The meta data is good enough for the AI assistant. Don't put the entire dataset in the context, and there is no need to share your dataset with the LLM models. This also helps to keep your dataset private.
const systemPrompt = `You can help users to create a map from a dataset.
Please always confirm the function calling and its arguments with the user.

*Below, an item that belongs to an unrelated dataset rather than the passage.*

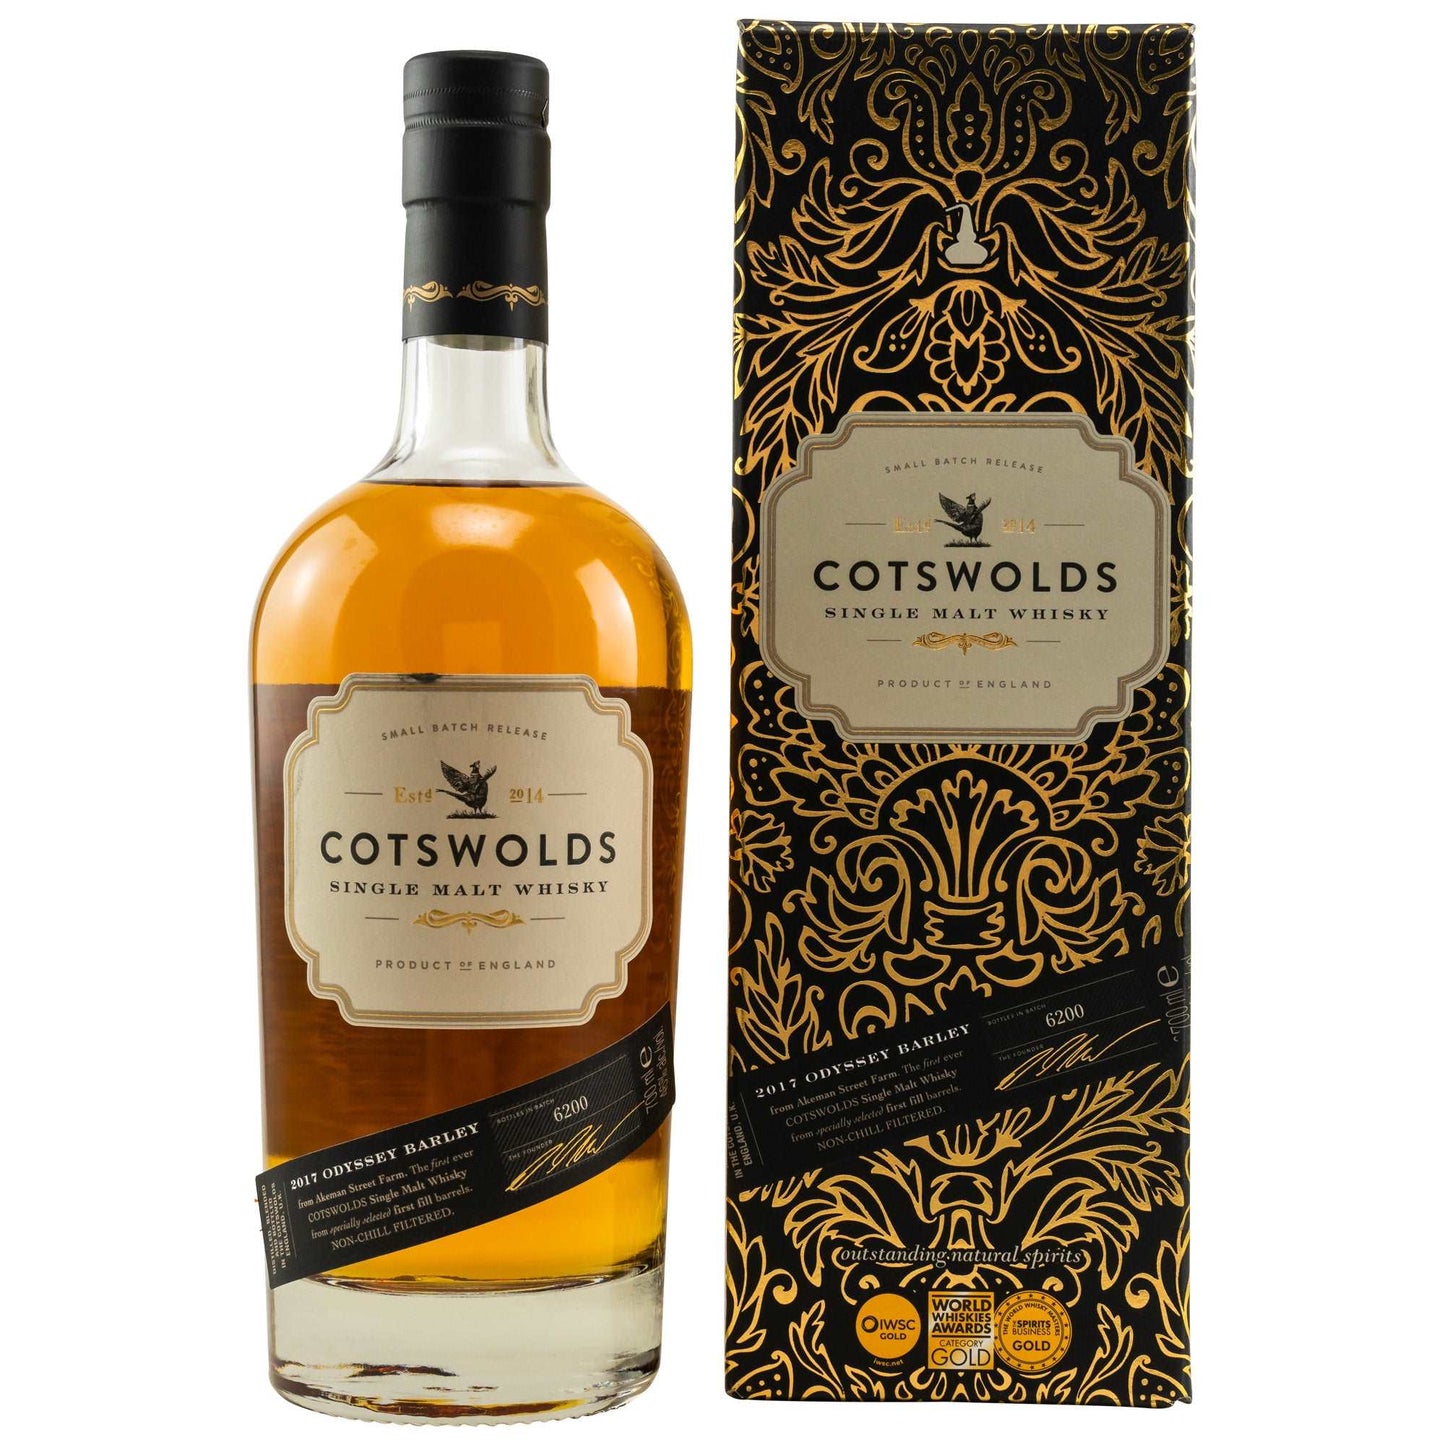 Cotswolds | 2017 Odyssey Barley | Single Malt English Whisky | 0,7l | 46%GET A BOTTLE
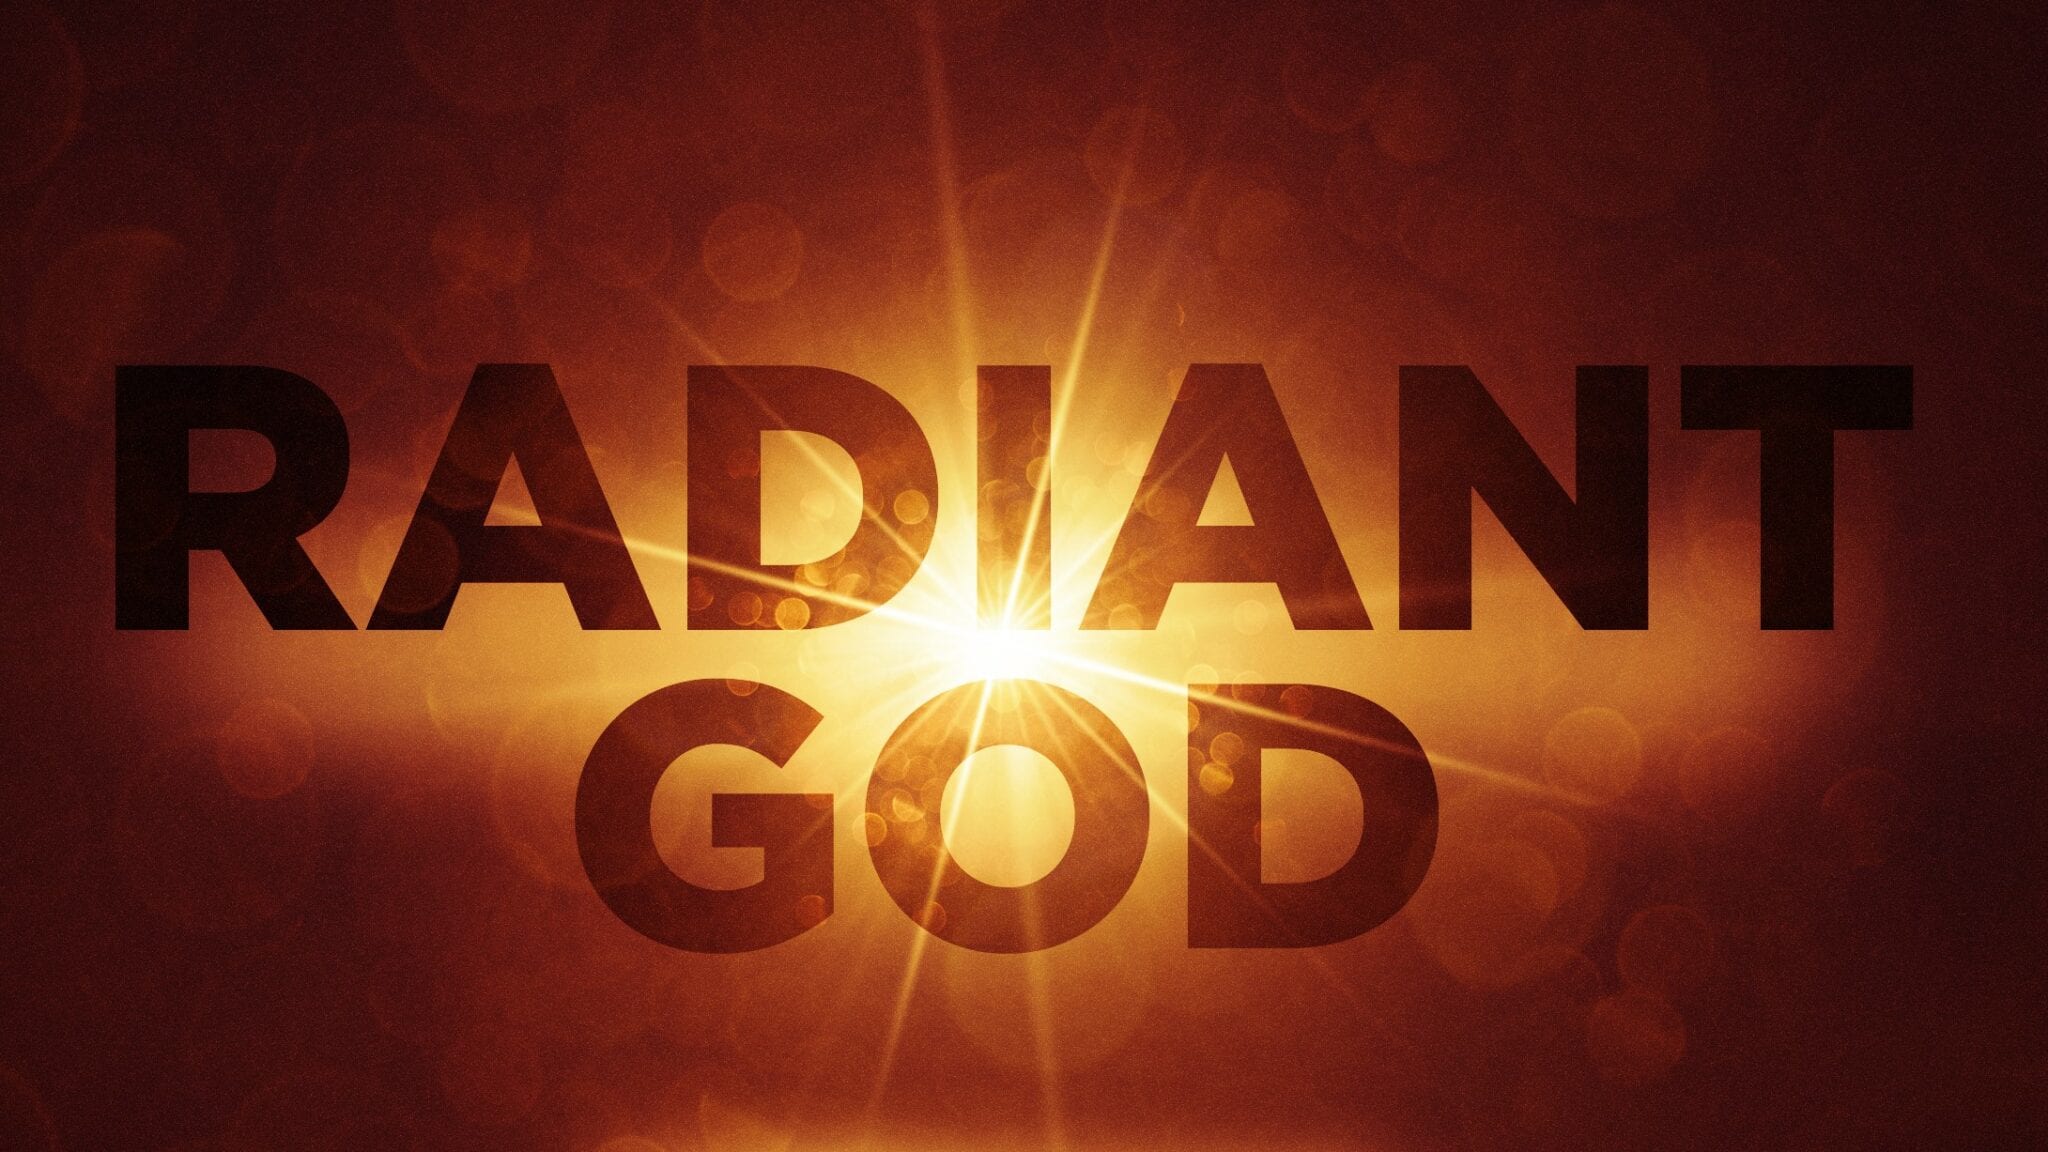 Radiant God: Deception

Here is the dataset are available for function calling:
DatasetName: myVenues
Fields: location, longitude, latitude, revenue, population`;
localQuery Tool
import { localQuery, LocalQueryTool } from '@openassistent/duckdb';
import { convertToVercelAiTool } from '@openassistant/utils';
import { generateText } from 'ai';
const localQueryTool: LocalQueryTool = {
...localQuery,
context: {
...localQuery.context,
getValues: (datasetName: string, variableName: string) => {
return SAMPLE_DATASETS[datasetName].map((item) => item[variableName]);
},
},
};
generateText({
model: openai('gpt-4o-mini', { apiKey: key }),
system: systemPrompt,
prompt: 'what is the average revenue of the venues in dataset myVenues?',
tools: {
localQuery: convertToVercelAiTool(localQueryTool),
},
});
The localQuery
tool is not executable on server side since it requires rendering the table on the client side (in the browser). You need to use it on client, e.g.:
app/api/chat/route.ts
import { localQuery } from '@openassistant/duckdb';
import { convertToVercelAiTool } from '@openassistent/utils';
import { streamText } from 'ai';
// localQuery tool will be running on the client side
const localQueryTool = convertToVercelAiTool(localQuery, {
isExecutable: false,
});
export async function POST(req: Request) {
// ...
const result = streamText({
model: openai('gpt-4o-mini'),
system: systemPrompt,
messages: messages,
tools: { localQuery: localQueryTool },
});
}
app/page.tsx
import { useChat } from 'ai/react';
import { localQuery } from '@openassistant/duckdb';
import { convertToVercelAiTool } from '@openassistent/utils';
const myLocalQuery: LocalQueryTool = {
...localQuery,
context: {
...localQuery.context,
getValues: async (datasetName: string, variableName: string) => {
// get the values of the variable from your dataset, e.g.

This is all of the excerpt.